Work required » Some of the lines below need repeating. Reproduce exactly those between the lines holding "3.2 CTTW Diamond" and "and, they lived", inclusive.

Stored data:
▶
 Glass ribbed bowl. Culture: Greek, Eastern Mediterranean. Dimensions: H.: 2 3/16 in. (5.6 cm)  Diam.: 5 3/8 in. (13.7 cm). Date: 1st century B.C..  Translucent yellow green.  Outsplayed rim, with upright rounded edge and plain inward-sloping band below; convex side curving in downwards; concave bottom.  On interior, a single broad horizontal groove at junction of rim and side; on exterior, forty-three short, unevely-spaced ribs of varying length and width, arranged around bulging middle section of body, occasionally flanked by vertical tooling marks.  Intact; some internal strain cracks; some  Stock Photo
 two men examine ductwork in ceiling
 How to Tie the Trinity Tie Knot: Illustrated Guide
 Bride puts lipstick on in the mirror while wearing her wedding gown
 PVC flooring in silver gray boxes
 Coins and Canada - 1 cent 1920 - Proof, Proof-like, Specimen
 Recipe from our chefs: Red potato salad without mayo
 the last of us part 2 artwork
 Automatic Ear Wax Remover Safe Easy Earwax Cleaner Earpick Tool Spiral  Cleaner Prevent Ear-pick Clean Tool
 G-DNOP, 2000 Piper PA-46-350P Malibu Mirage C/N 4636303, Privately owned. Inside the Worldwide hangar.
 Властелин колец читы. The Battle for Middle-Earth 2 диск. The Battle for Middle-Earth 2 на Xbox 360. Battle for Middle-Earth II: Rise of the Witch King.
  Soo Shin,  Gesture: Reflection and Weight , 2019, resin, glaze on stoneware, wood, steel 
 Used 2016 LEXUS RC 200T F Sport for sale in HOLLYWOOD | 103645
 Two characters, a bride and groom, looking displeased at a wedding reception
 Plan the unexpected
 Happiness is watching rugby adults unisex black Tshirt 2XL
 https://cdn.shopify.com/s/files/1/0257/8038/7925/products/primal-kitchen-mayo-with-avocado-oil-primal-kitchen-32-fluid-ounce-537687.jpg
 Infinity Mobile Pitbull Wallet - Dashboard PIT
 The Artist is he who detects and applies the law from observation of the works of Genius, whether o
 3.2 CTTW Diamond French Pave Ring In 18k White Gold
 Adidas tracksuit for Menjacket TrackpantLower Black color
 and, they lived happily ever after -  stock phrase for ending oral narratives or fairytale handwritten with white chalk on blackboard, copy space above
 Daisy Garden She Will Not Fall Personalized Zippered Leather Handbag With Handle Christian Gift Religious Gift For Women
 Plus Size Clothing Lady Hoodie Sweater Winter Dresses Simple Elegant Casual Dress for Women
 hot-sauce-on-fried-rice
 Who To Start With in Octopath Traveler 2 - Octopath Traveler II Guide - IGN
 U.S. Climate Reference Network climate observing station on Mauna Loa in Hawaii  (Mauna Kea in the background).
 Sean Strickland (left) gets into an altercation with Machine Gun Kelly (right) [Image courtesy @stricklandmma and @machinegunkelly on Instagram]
◀
Task solution »
 3.2 CTTW Diamond French Pave Ring In 18k White Gold
 Adidas tracksuit for Menjacket TrackpantLower Black color
 and, they lived happily ever after -  stock phrase for ending oral narratives or fairytale handwritten with white chalk on blackboard, copy space above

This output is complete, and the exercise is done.